La fotografia ha bisogno di tempo

per essere studiata e metabolizzata, e

questo contrasta con un’epoca come

la nostra dove tutto cambia e si evolve

troppo velocemente.

Secondo te, i social influenzano la

fotografia? E quanto invece la fotografia

influenza le nostre vite?

I canali social sono un’arma potente

per far conoscere il proprio lavoro ed

entrare in relazione con molte persone.

Ogni giorno veicolano una straordinaria

quantità di immagini che

influenzano la nostra vita a più livelli.

Dobbiamo quindi imparare ad usarli

in maniera consapevole, distinguendo

le buone fotografie da quelle che

invece non meritano attenzione. Le

immagini devono trasmettere un’emozione,

catturare l’attimo, cogliere

il senso di una storia più di mille parole,

ma devono soprattutto suscitare

in chi le osserva domande utili ad

aumentare senso critico e consapevolezza.

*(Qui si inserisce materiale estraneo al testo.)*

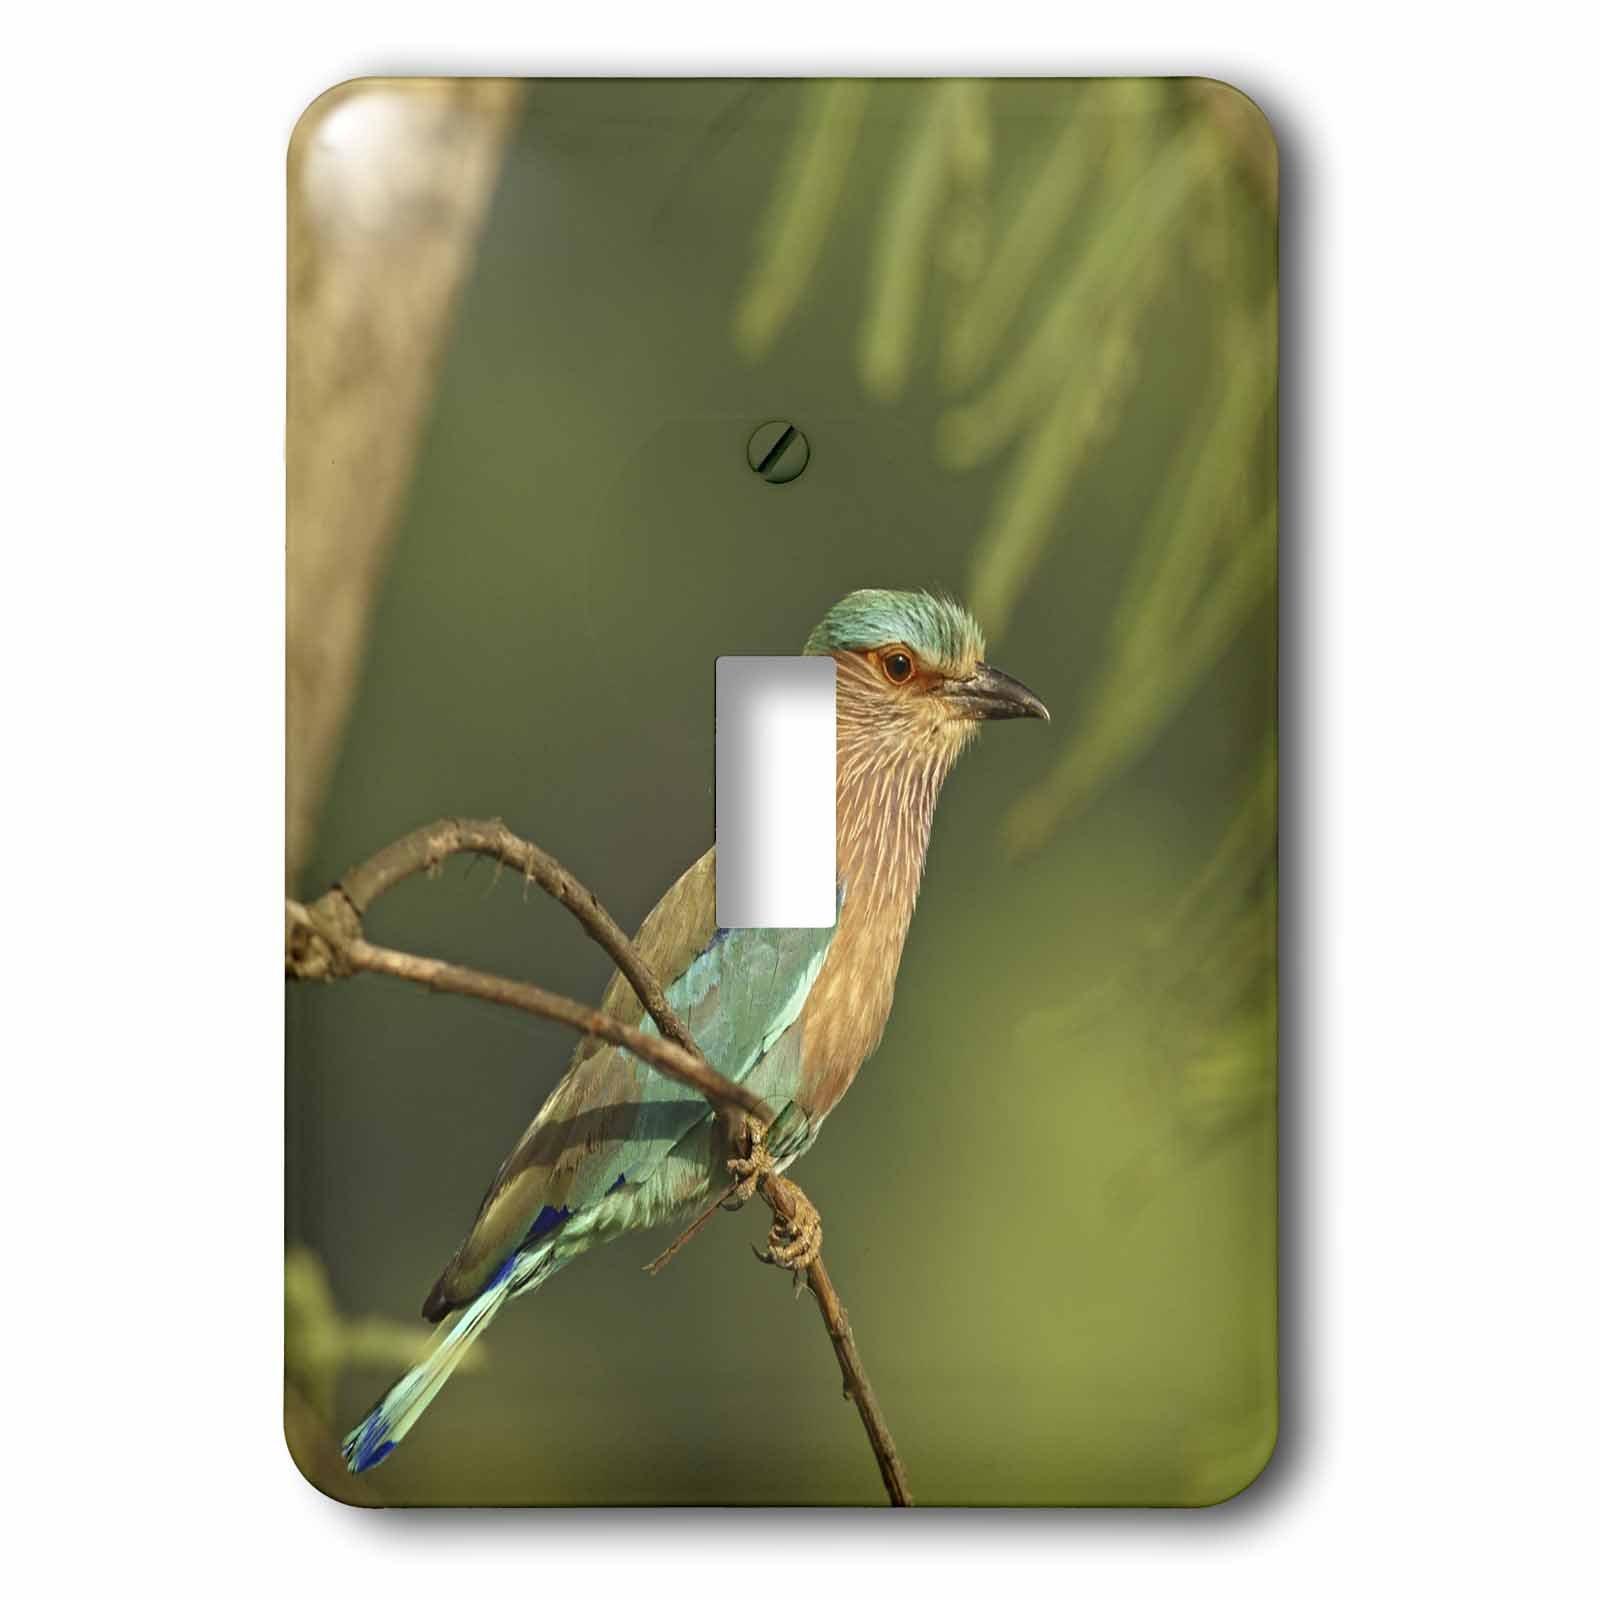 3dRose lsp_70543_1 Indian Roller Bird, Corbett Np, Uttaranchal, India-As10 Jra0089 Jagdeep Rajput Single Toggle Switch

Cosa pensi dell’utilizzo di Photoshop

nella street photography?

La foto di strada non ha necessità di

grandi interventi di postproduzione ma

di una semplice messa a punto. Grandi

autori del passato come Garry Winogrand

o William Klein sostengono che

il mondo è imperfetto e va fotografato

per quello che è. L’importante è sempre

essere onesti con se stessi e con

gli altri.

Da alcuni anni organizzi, con Alex Liverani

e Francesco Sembolini, l’Italian

Street Photo Festival. Quali sono

le finalità di questa iniziativa?

L’idea di realizzare un festival italiano

di street photography è nata a Francesco

Sembolini, e dal momento che siamo

tutt’e tre esperti in questo genere

di fotografia, abbiamo creato una squadra

unendo le nostre esperienze e competenze.

Quella di quest’anno è la terza

edizione nella sede delle Officine Fotografiche

a Roma. Un’avventura che

ci sta regalando grandi soddisfazioni,

consentendoci di organizzare giornate

d’incontro sulla fotografia alla presenza

anche di maestri di fama internazionale.